Рассказ заканчивается возвращением к начальной ситуации.
Такое решение делает рассказ о духах, упырях, необъясненных явлениях более правдоподобным. Так как в этом случае мы имеем дело с ситуацией, где события излагает очевидец. Поэтому часто использовались романные формы, которые выдавались за рассказ свидетеля или даже за документы. Это традиция еще со времен эпохи Просвещения: первые романы XVIII века (Даниэля Дефо, Джонатана Свифта, Игнатия Красицкого и т. д.) довольно часто сопровождались выдуманными издательскими предисловиями, в которых содержимое представлялось как перепечатки мемуаров, хроник etc., или же без предисловий были стилизованы под бытовую прозу в виде переписки или дневников. В дореволюционной русской литературе XX века даже можно найти пример аналогично выстроенного рассказа, в котором встречаются двое знакомых и во время этой встречи один из них — старый прокурор — начинает рассказывать необыкновенную историю о психических муках обреченного на смерть преступника, и эта история является основным содержанием произведения. Не исключено, что «Сказка старого прокурора» Михаила Арцыбашева может представлять для «Подробностей…» непосредственную литературную традицию.

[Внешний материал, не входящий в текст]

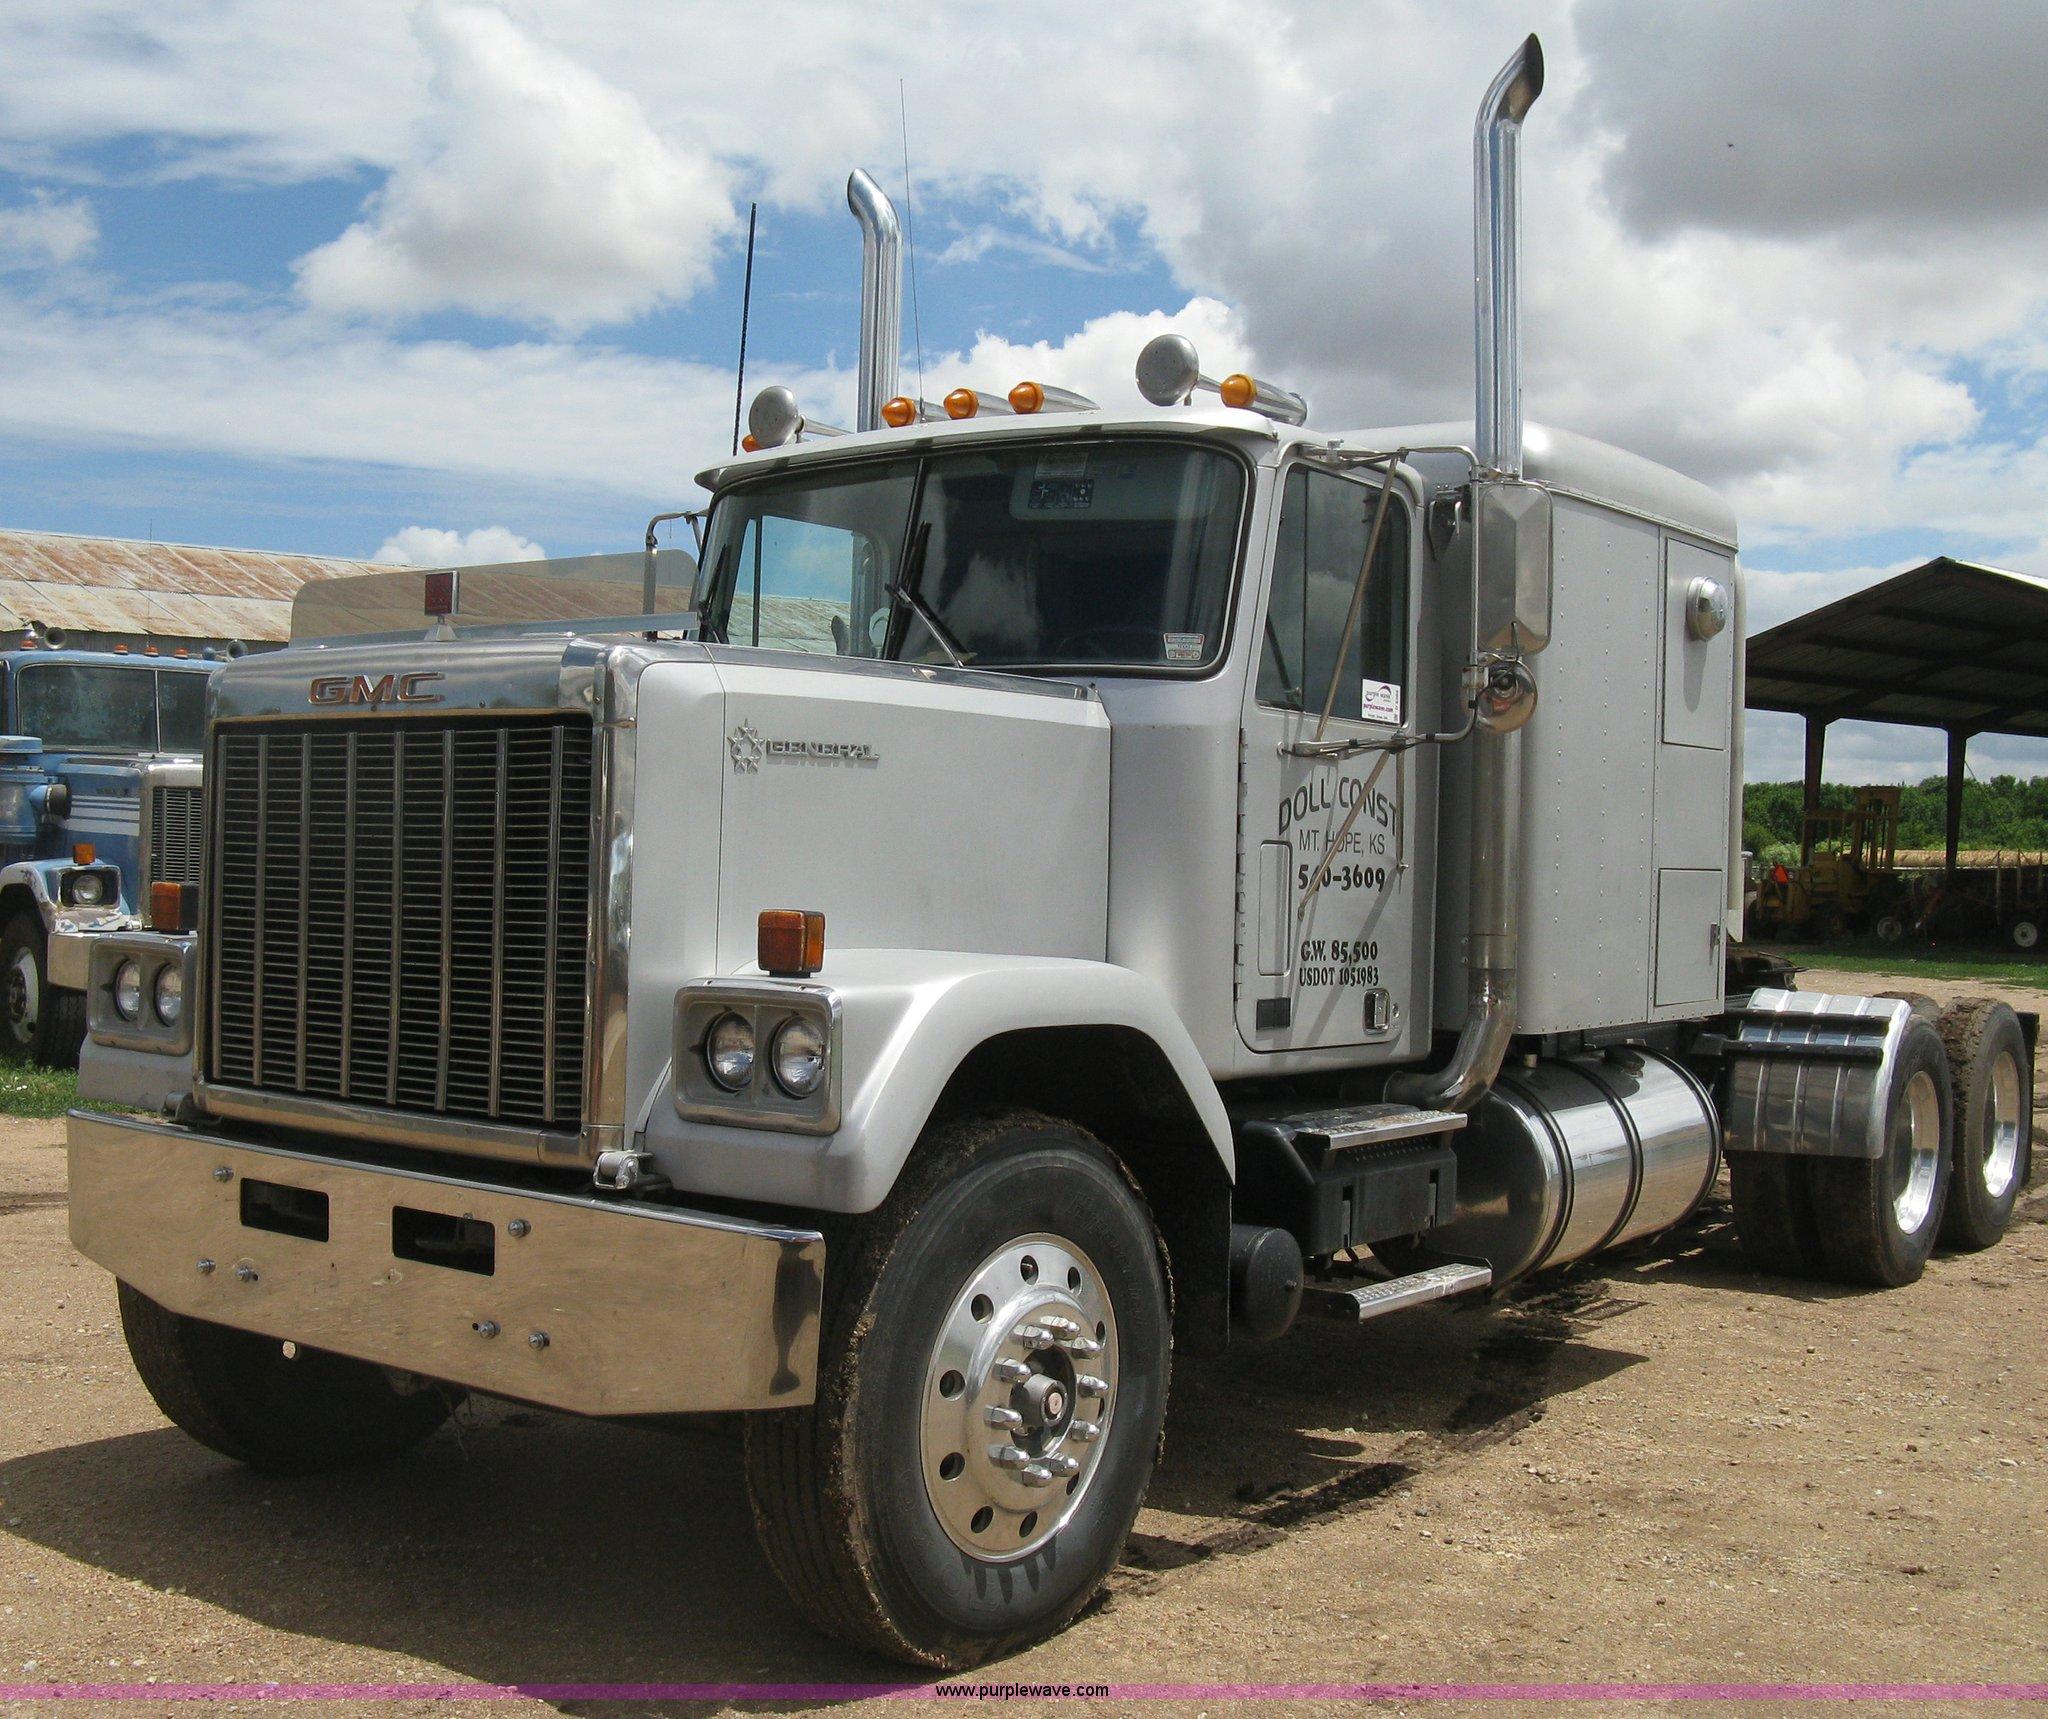 1985 GMC General Semi Truck

«Подробности жизни Никиты Воронцова» объединяют традицию «шкатулки» со старательной заботливостью о правдоподобии описываемой таинственной истории, ибо — рассказывая — прокурор излагает или зачитывает показания и даже дает коллеге прочитать короткий «Дневник» Никиты. Но и это, делающее правдоподобным фантастическое содержание представление письменной или иллюстративной документации, также обращается к давней традиции «рассказа ужасов». Достаточно вспомнить о «Рассказах старого антиквара» Монтегю Родса Джеймса, не говоря уже о том, что один из старых русских фантастических романов — «4338 год. Петербургские письма» Владимира Одоевского буквально состоит именно из писем, т. е. из практических документов.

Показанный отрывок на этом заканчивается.